I.T. CyberSecurity Roadmap
Aggiornamenti sulle best practice per gestire la sicurezza dei vostri sistemi I.T.
Da diversi anni i rischi che incombono sui sistemi I.T. aumentano progressivamente di numero e di portata. Purtroppo, con l’evoluzione dell’attuale situazione geopolitica, la cosa non può che peggiorare.
I cybercriminali sono ormai strutturati in vere e proprie organizzazioni, con gerarchie, ruoli e competenze definite, perché queste attività, ancora troppo spesso, pagano e l’impunità è praticamente certa.
Oggi non c’è business che non dipenda dai sistemi I.T. e che non possa esser messo seriamente a rischio da un attacco informatico andato a segno.
Per questo ogni anno aggiorniamo l’elenco delle misure di sicurezza che consigliamo di adottare, in base alle minacce che rileviamo quotidianamente nel nostro lavoro.
Ecco quindi le misure che sarebbe opportuno considerare per adeguare le proprie infrastrutture.
End of support Microsoft Office
Termine del supporto per il collegamento ai servizi cloud Microsoft Office 365.
Non sarà più supportato il collegamento se si usa un Office precedentemente acquistato.

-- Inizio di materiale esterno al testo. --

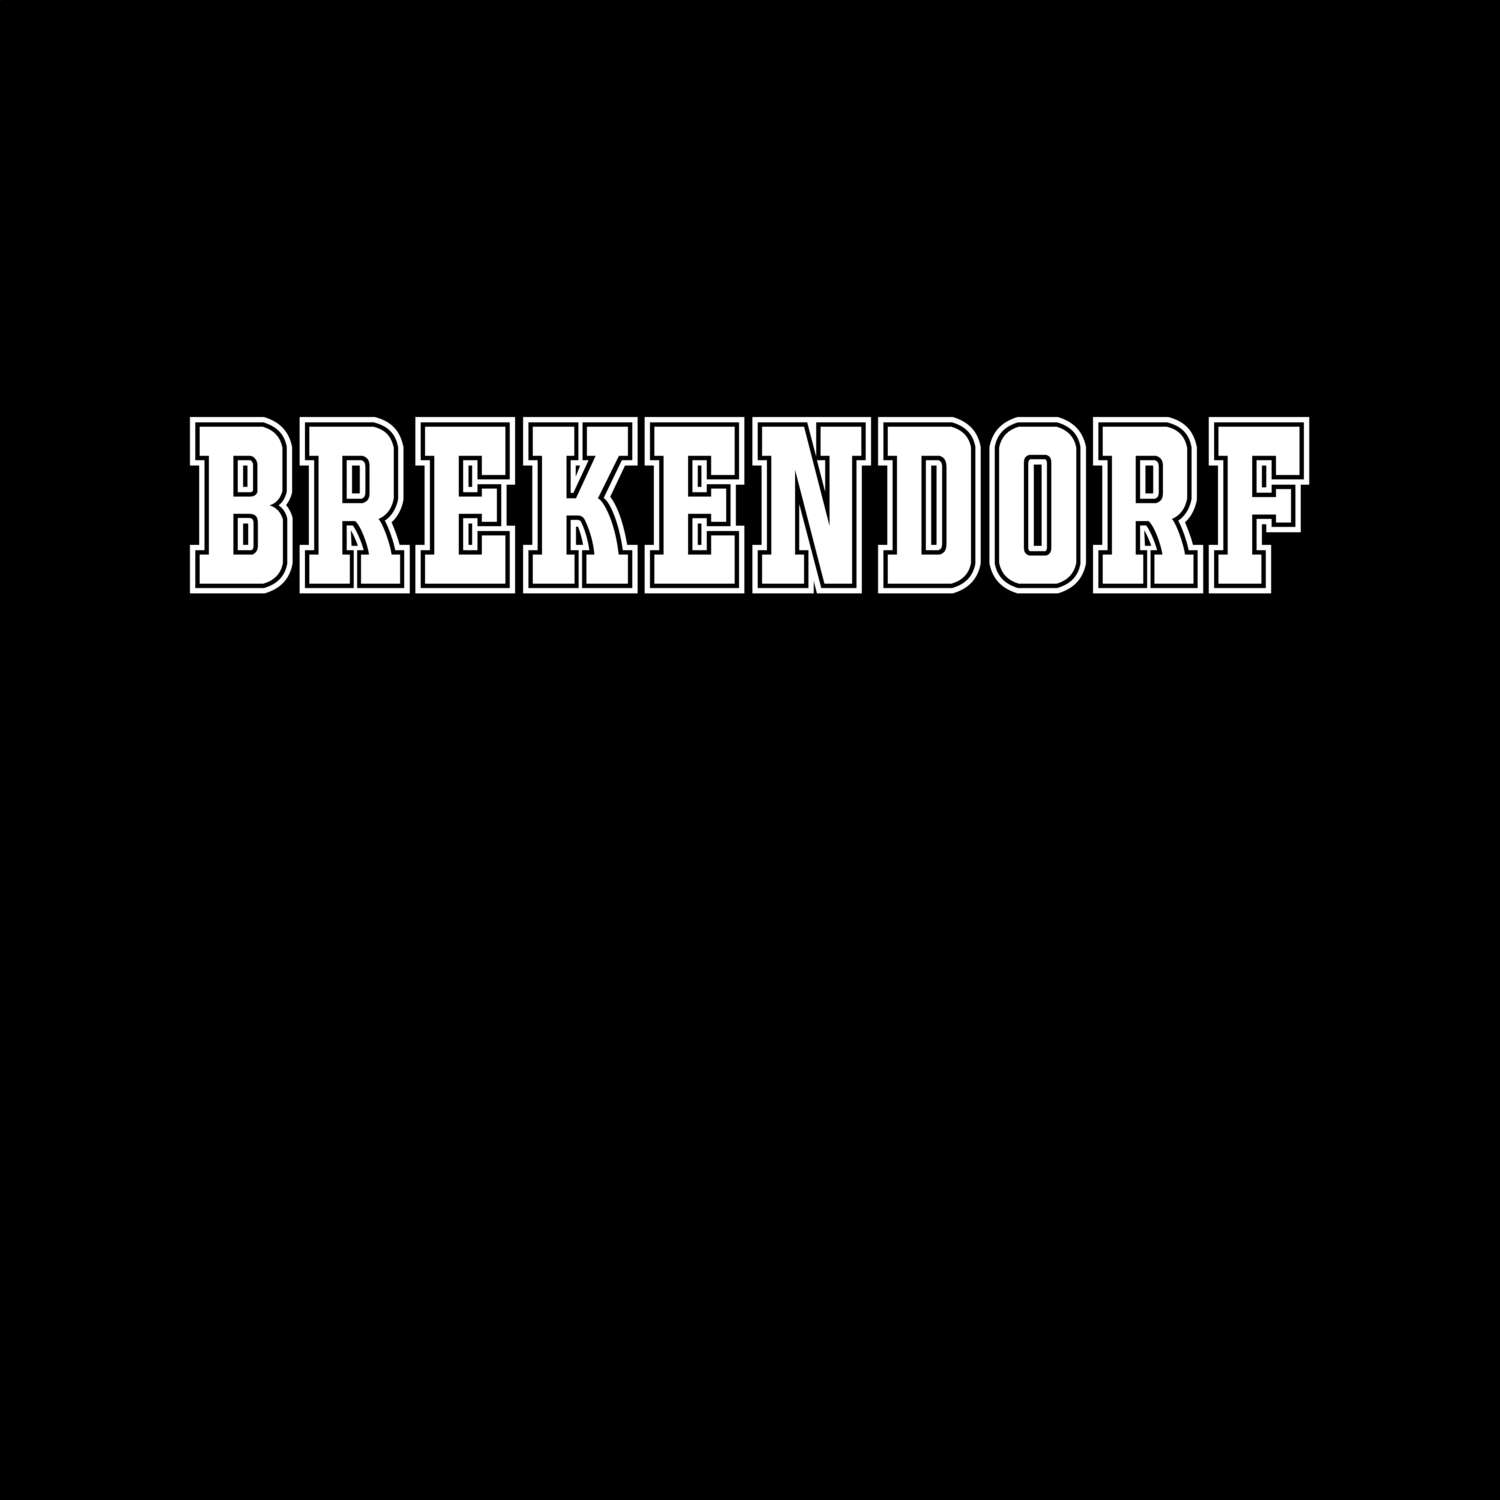 Brekendorf T-Shirt »Classic«

La licenza dei programmi Office deve essere erogata all’interno del piano di fornitura dei servizi Microsoft 365.
Microsoft supporterà il collegamento ad Office 365 solo per le applicazioni Office licenziate nell’ambito di un piano Microsoft 365.
Licenza Microsoft 365 Business Premium
Licenzia l’uso di tutti servizi Office 365, le applicazioni office installabili e la maggior parte delle funzioni di Cybersecurity del cloud Microsoft, come Multi Factor Authentication, Conditional Access, Defender for endpoint, Defender for Office 365, Intune.
Aggiornamenti dei sistemi operativi e software obsoleti
VMware Vsphere 6.7 è ormai fuori supporto da ottobre 2022. Windows Server 2012 lo è da Ottobre 2023.
I sistemi fuori supporto, cioè in stato di end of life, non ricevono più aggiornamenti di sicurezza e diventano progressivamente più vulnerabili.
Digibyte, inoltre, per questi ambienti non può più accedere al supporto tecnico del produttore in caso di necessità.
Consigliamo quindi tutti i clienti che si trovano in questa situazione, di aggiornare l’ambiente VMWare all’attuale versione 8 (la licenza è compresa nel servizio di maintenance), l’ambiente Windows Server all’attuale versione 2022, ed ogni altra versione in scadenza.
Vedi la end of life dei sistemi operativi e software microsoft
Microsoft 365
Uno dei trend rilevati negli ultimi 24 mesi, riguarda lo sfruttamento attivo di vulnerabilità 0-day (cioè immediatamente sfruttabili dai criminali, ancora prima di essere scoperte dal produttore) sui server di posta Exchange, che per loro natura debbono essere sempre esposti verso internet.
Il 90% dei nostri clienti ha già abbandonato il proprio sistema di posta exchange installato presso la sede, in favore di Microsoft 365 nel cloud, che offre anche funzionalità avanzate per le comunicazioni e il lavoro di gruppo (Teams) e la collaborazione e condivisione sicura di file (Sharepoint e OneDrive). Il nostro consiglio, per chi ancora utilizza il sistema di posta sui propri server, è di migrare prima possibile a Microsoft 365 e poi dismetterlo.
Hardening del cloud Microsoft 365
Anche chi sta già usando Office 365 o Microsoft 365, dovrebbe considerare che le impostazioni di base che Microsoft stabilisce, non sono sufficienti per gli attuali standard di cybersecurity. È quindi opportuno eseguire tutta una serie di modifiche al comportamento standard della piattaforma, per impostare ad esempio la durata massima di una sessione di lavoro prima che venga richiesta una nuova autenticazione, disabilitare i protocolli di autenticazione deboli, usare l’autenticazione a più fattori o l’accesso condizionale, attivare Defender in modalità passiva o attiva.
Multi factor Authentication di Microsoft Entra ID (MFA)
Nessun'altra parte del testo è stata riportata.